Oncological Sciences; Genetic and Genomic Sciences
Tisch Cancer Institute at Mount Sinai
We want to understand how immune system recognizes cancer cells and how tumors evolve to evade immune recognition. We are particularly interested how general and personalized immunotherapies can affect this process. To this end, we develop computational approaches using methods from evolutionary biology, biophysics and machine learning that allow us to find patterns in data and predict tumor evolution. Our ultimate goal is to use these predictive approaches for the design of optimal treatments.
Marta Łuksza, PhD is an Assistant Professor at the Tisch Cancer Institute in the Departments of Oncological Sciences, and Genetic and Genomic Sciences at the Icahn School of Medicine. She completed her Ph.D. in Computer Science at the Freie Universität and the Max Planck Institute for Molecular Genetics in Berlin. Before joining as a faculty at Mount Sinai, she was a Janssen fellow at the Institute for Advanced Study in Princeton. Her research interests are to understand biophysical mechanisms underlying the evolution of fast-adapting populations, of viruses and cancer, and to harvest these mechanisms for predictive analysis. Prof. Luksza develops methods from machine learning, statistical physics, and information theory to address these questions. Her predictive models are used to inform the seasonal influenza vaccine strain selection process by the WHO. Her recent research focuses on predictive models for cancer evolution under immunotherapy. Her work has been recognized with the Pew Biomedical Scholar Award, Dr. Harold and Golden Lamport Clinical Research Award, and a Stand Up to Cancer Phillip A. Sharp Innovation Award.

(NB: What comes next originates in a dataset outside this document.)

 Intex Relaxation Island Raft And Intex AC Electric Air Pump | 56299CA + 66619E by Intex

Evolutionary models for optimized design of personalized cancer vaccines
In recent years, there has been a remarkable advance in cancer therapies that employ the patient’s own immune system to recognize and kill cancer cells. The advance started with immune-checkpoint blockade therapies, which increase the overall activity of the immune system. These have now been followed by anti-tumor vaccine approaches, which, personalized to each patient, steer the patient’s immune system to specifically target mutations observed in their tumors. While promising, the efficacy of such treatments depends crucially on the composition of the vaccine and the complex interaction of the evolving tumor and the immune system.
“It is a great honor to receive the Pershing Sohn Square Prize and to become part of the inspiring community. The award will allow us to design experiments and computational models that will help us improve our understanding of how cancer and immune system interact and how the latter can be harnessed to effectively treat cancer patients.”

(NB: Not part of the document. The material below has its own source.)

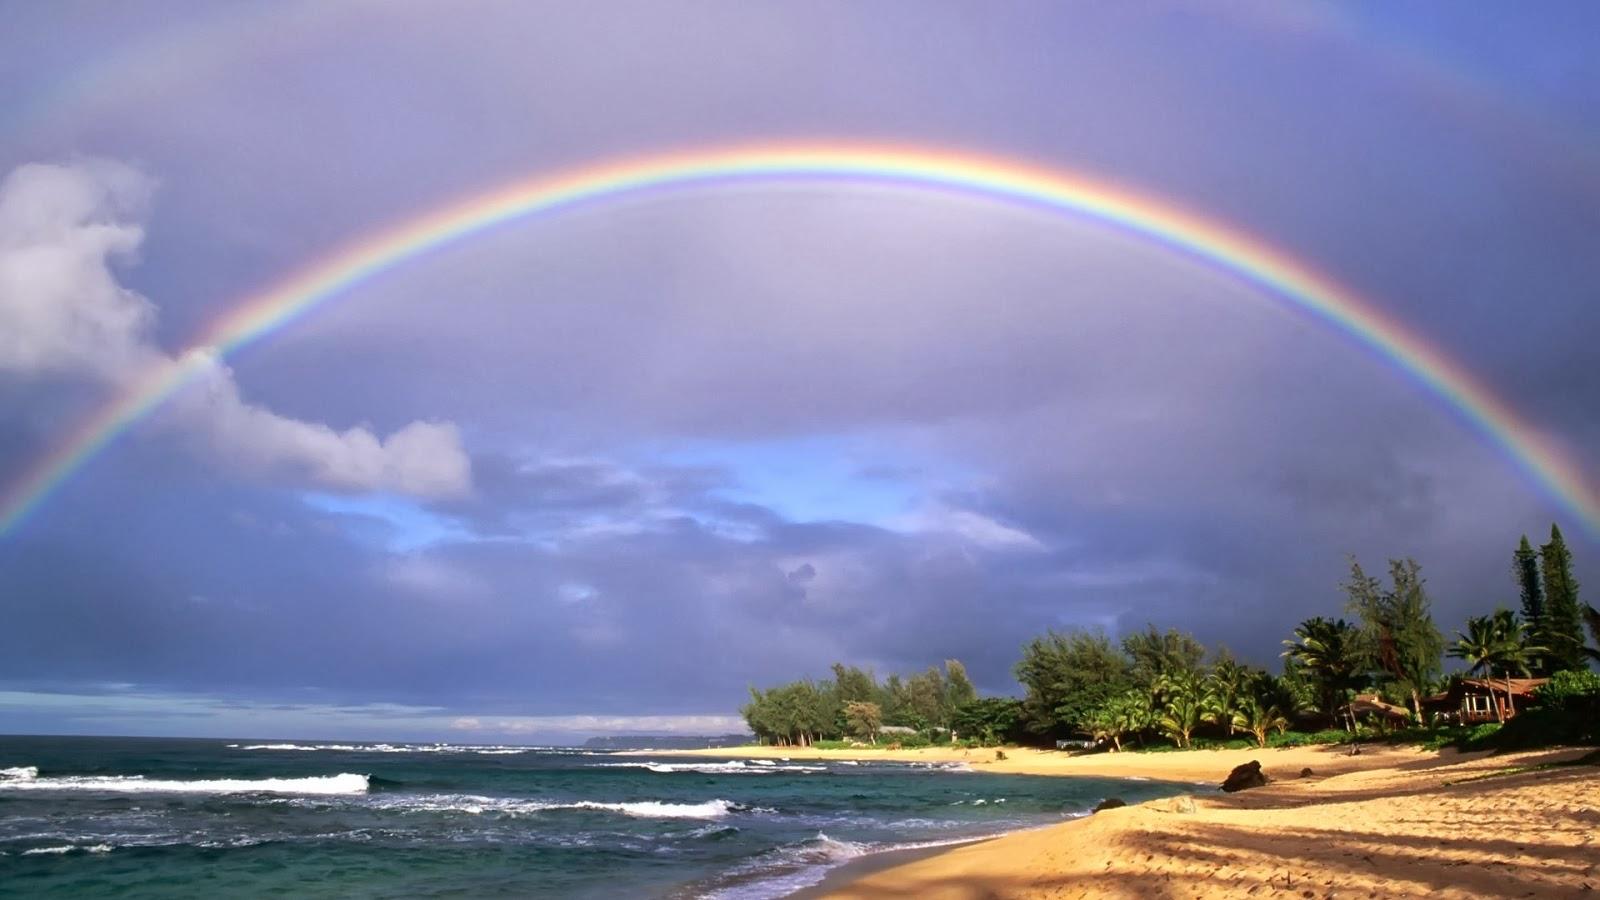 Natural Rainbow 4u Hd Wallpaper All 4u Wallpaper

To fully exploit the exciting opportunities of the personalized treatments, we need to better understand the molecular processes underlying the immune recognition of cancer cells. Here we propose to use approaches from machine learning and physics to develop a predictive model to describe these interactions during a vaccine therapy. Model development will be informed by data from experiments with mice with which we will be able to control the complexity of the system by investigating its crucial components. The predictive power of the model will be validated on patient data from two clinical trials with personalized vaccine therapies. On the basis of this model, we will build a protocol for the rational design of personalized anti-tumor vaccine therapies.
“Innovation cannot be rushed. It takes patience, imagination, and a lot of fun to arrive at innovative solutions, and once we do, it appears like they have always been there.”